Another film proving surprisingly brutal and multi-faceted was Lady Macbeth, a period adaptation of Nikolai Leskov’s novella Lady Macbeth of the Mtsensk. It charts the chilling descent into violence of young Katherine (Florence Pugh, in her first leading role, and a name to watch), who is sold into a loveless marriage to an older man (Paul Hilton) in 19th century rural England. An initial affair with a roughly hewn groomsman (Cosmo Jarvis) suggests a trip into Bronte or Harlequin Romance territory but debut director William Oldroyd has a darker destination in store.
His representation of the period is shorn of the usual heavy drapes and fussy interiors,stripped back so that the rooms offer a sense of chilly abstinence rather than comfort — beautifully contrasted with the lush, moist greens of the rural landscape where his protagonist finds warmth despite the cold. As Katherine’s love comes under threat, she tips over into a dangerous obsession that unfolds in ways that seem all the more shocking because of the period setting.
Away from the Official Selection, the festival’s long-term commitment to Basque cinema continues to go from strength to strength. The festival offices have moved to a new permanent home in the past year in the city’s Tabakalera International Center for Contemporary Art. This cultural hub, which offers beautiful panoramic views of the city, is a converted former cigar factory that now houses galleries, a Basque film archive, community spaces, artists’ workshops and a cinema. It has also entered a partnership with the festival to offer the Zabaltegi-Tabakalera prize in one of the festival sidebar selections. The inaugural €20,000 ($22,500) prize went to Thorsten Schütte’s Eat That Question: Frank Zappa in His Own Words.
The Capital of Culture honor also resulted in omnibus film Kalebegiak, which along similar lines to New York, I Love You or Paris je t’aime, aims to showcase the city — the title translates as “looking at the streets.” It comprises 12 short films directed by some of the leading and upcoming names in Basque cinema, including Julio Medem (Sex and Lucia), Luiso Berdejo (writer of [REC]) and Asier Altuna (Amama) and fully deserves to make a name for itself on the festival circuit in the coming months.
The films, which run at 10 minutes or less, range from the gentle childhood tale of love and adventure Txintorro, directed by Gracia Querejeta, to Medem’s period drama The Royal Whale, which sees Queen Maria Christina take an unusual boat trip in the bay. What is most impressive about the collection, however, is that the directors are looking to scrutinize the city as well as celebrate it.
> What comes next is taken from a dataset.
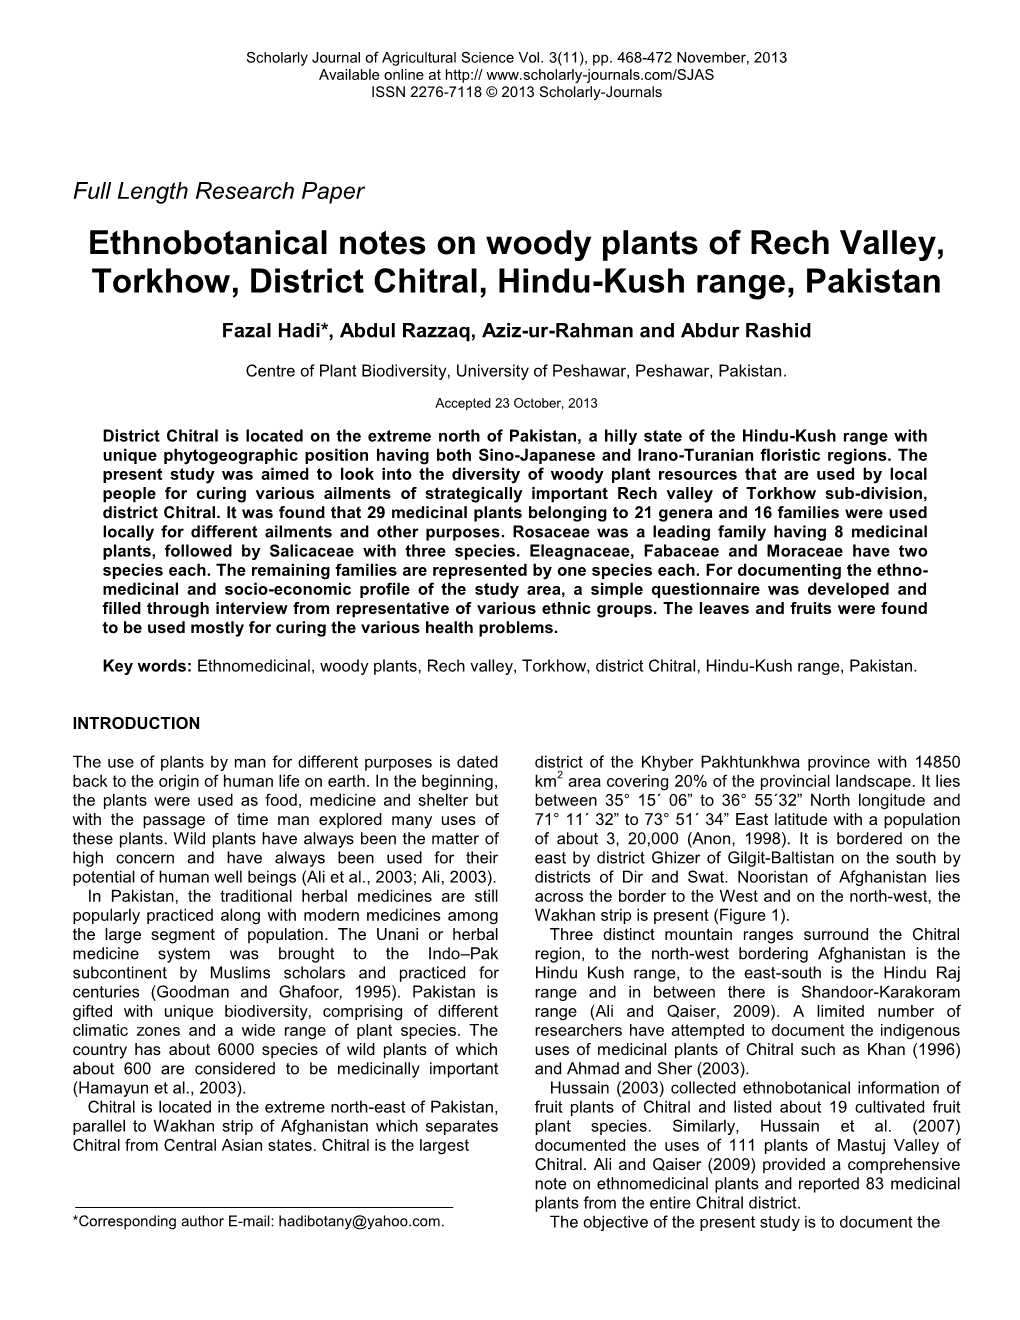 Ethnobotanical Notes on Woody Plants of Rech Valley, Torkhow, District Chitral, Hindu-Kush Range, Pakistan
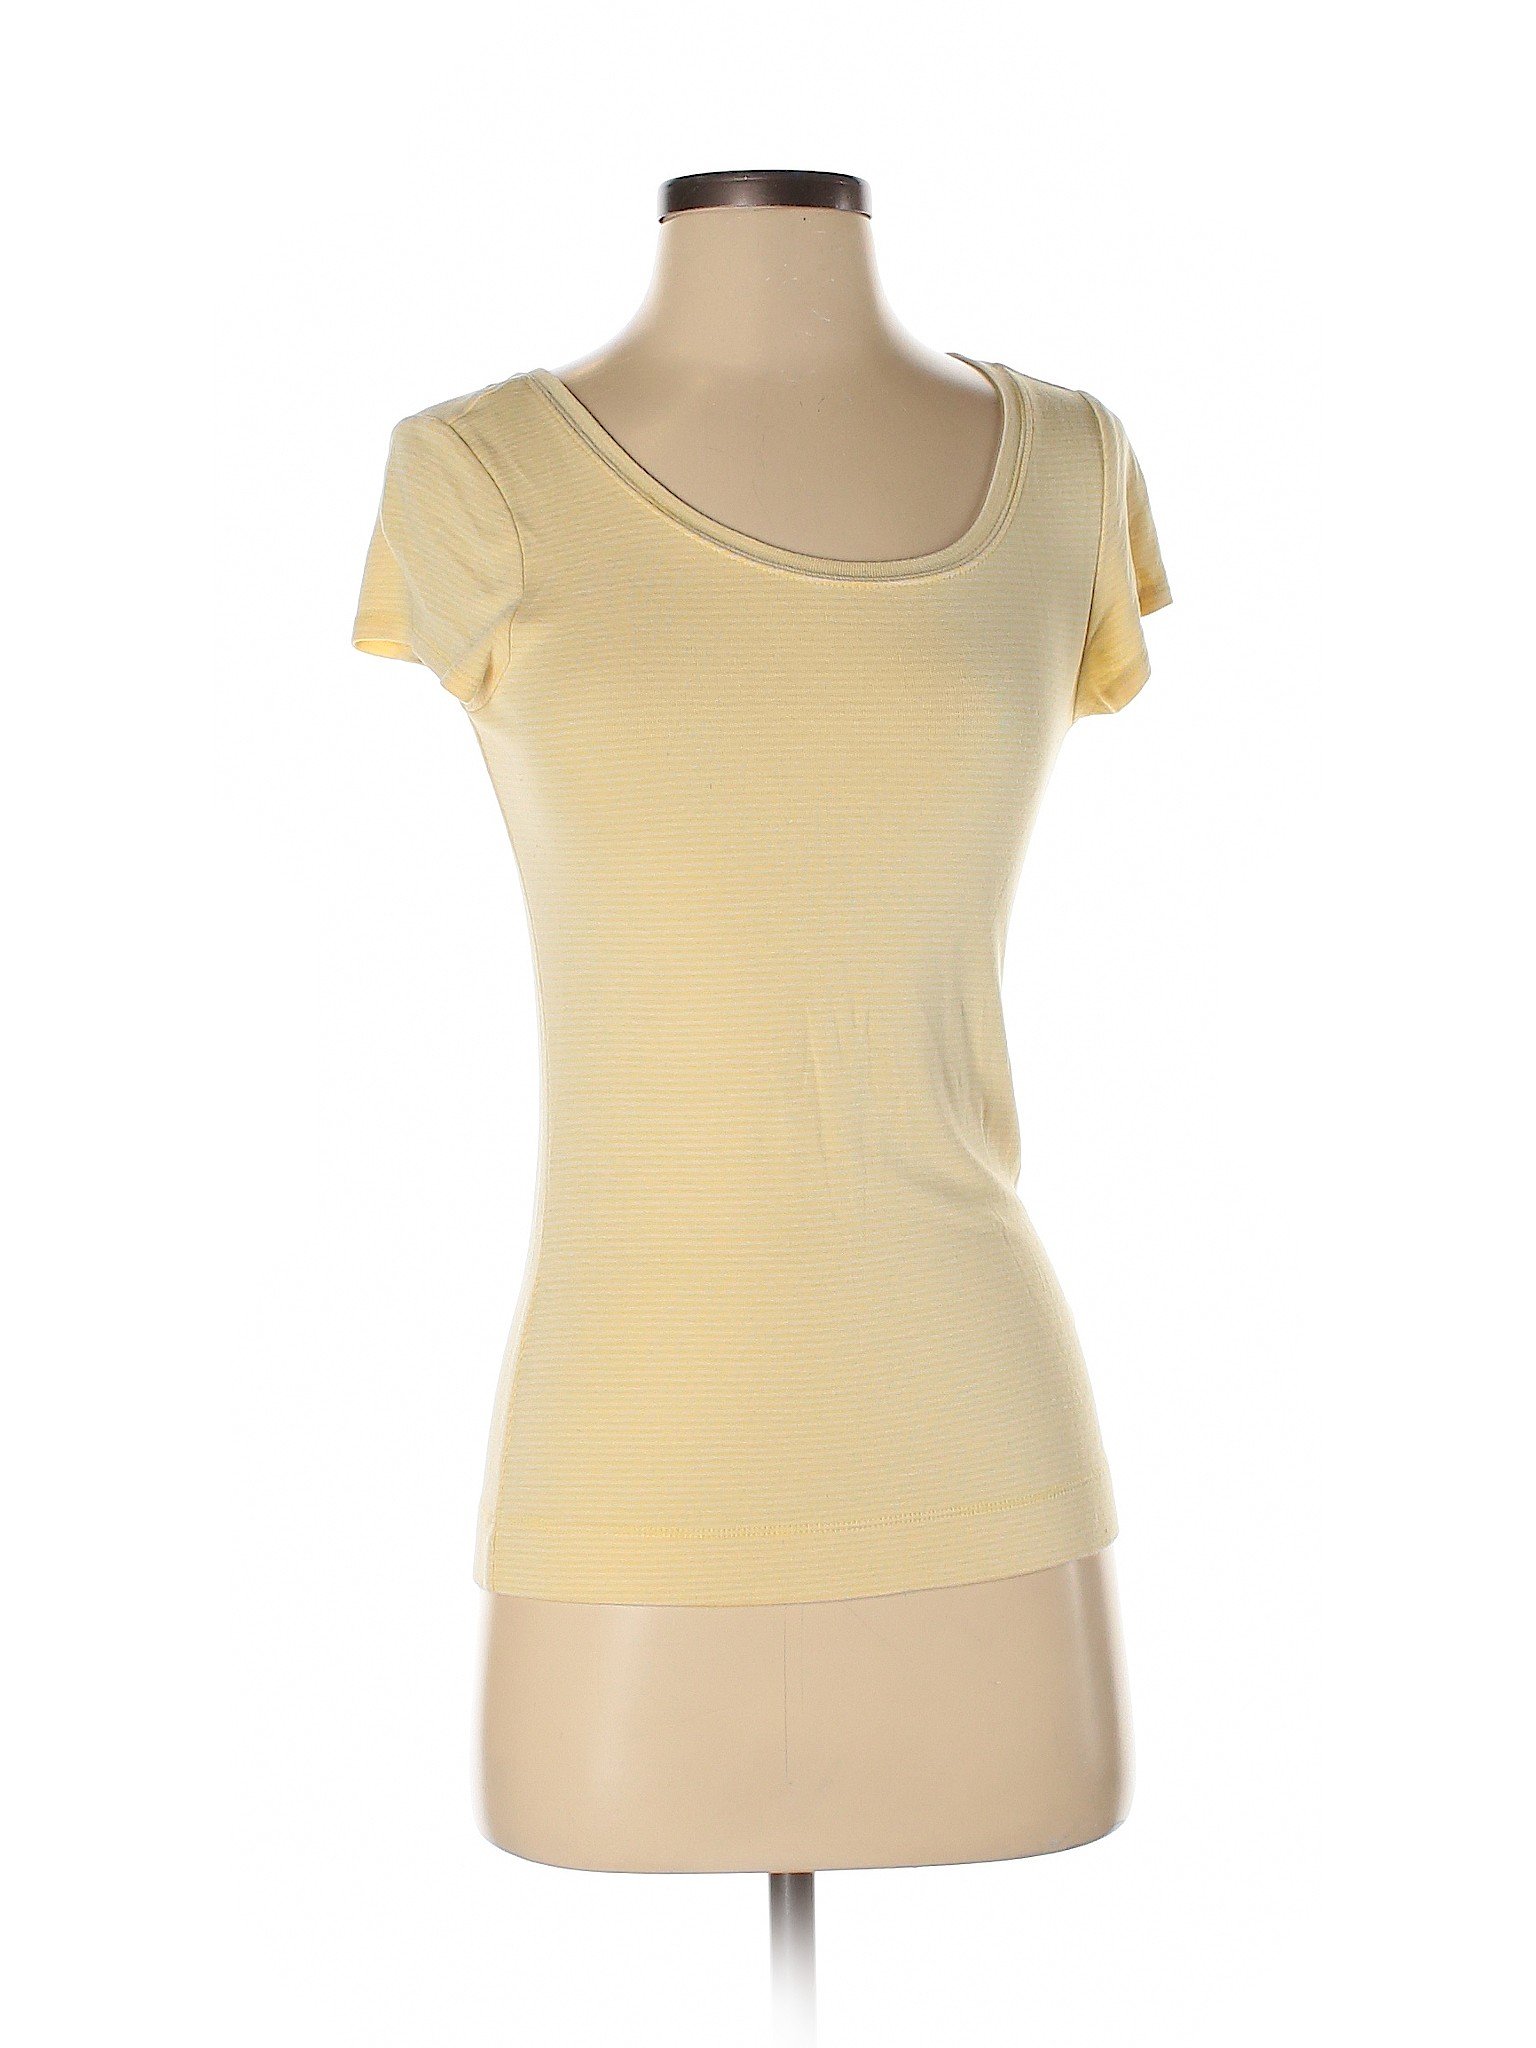 The Limited Women Brown Short Sleeve T-Shirt S | eBay

The reality of homelessness is examined by Imanol Uribe in documentary La casa del frio (House of the Cold), which opens a door into the lives of those forced to live in the city’s cramped hostel by night and walk the streets by day, while September, directed by Altuna and Telmo Esnal, is a gripping tale of suspense that shows both the joys and perils of the sea.
The festival also continues to actively pursue diversity in its industry programs, this year announcing a Glocal in Progress initiative that will screen post-production European movies in non-hegemonic languages (those not in English, French, Italian, Spanish or German) for producers, distributors, sales agents and programmers in 2017, in a bid help their completion and broaden their circulation beyond their specific regions. These are, the festival argues: “Grains of sand which, gradually, every year, the Festival unfailingly contributes to ensuring cinema continues to act as the arm of understanding, solidarity and commitment we need so badly.”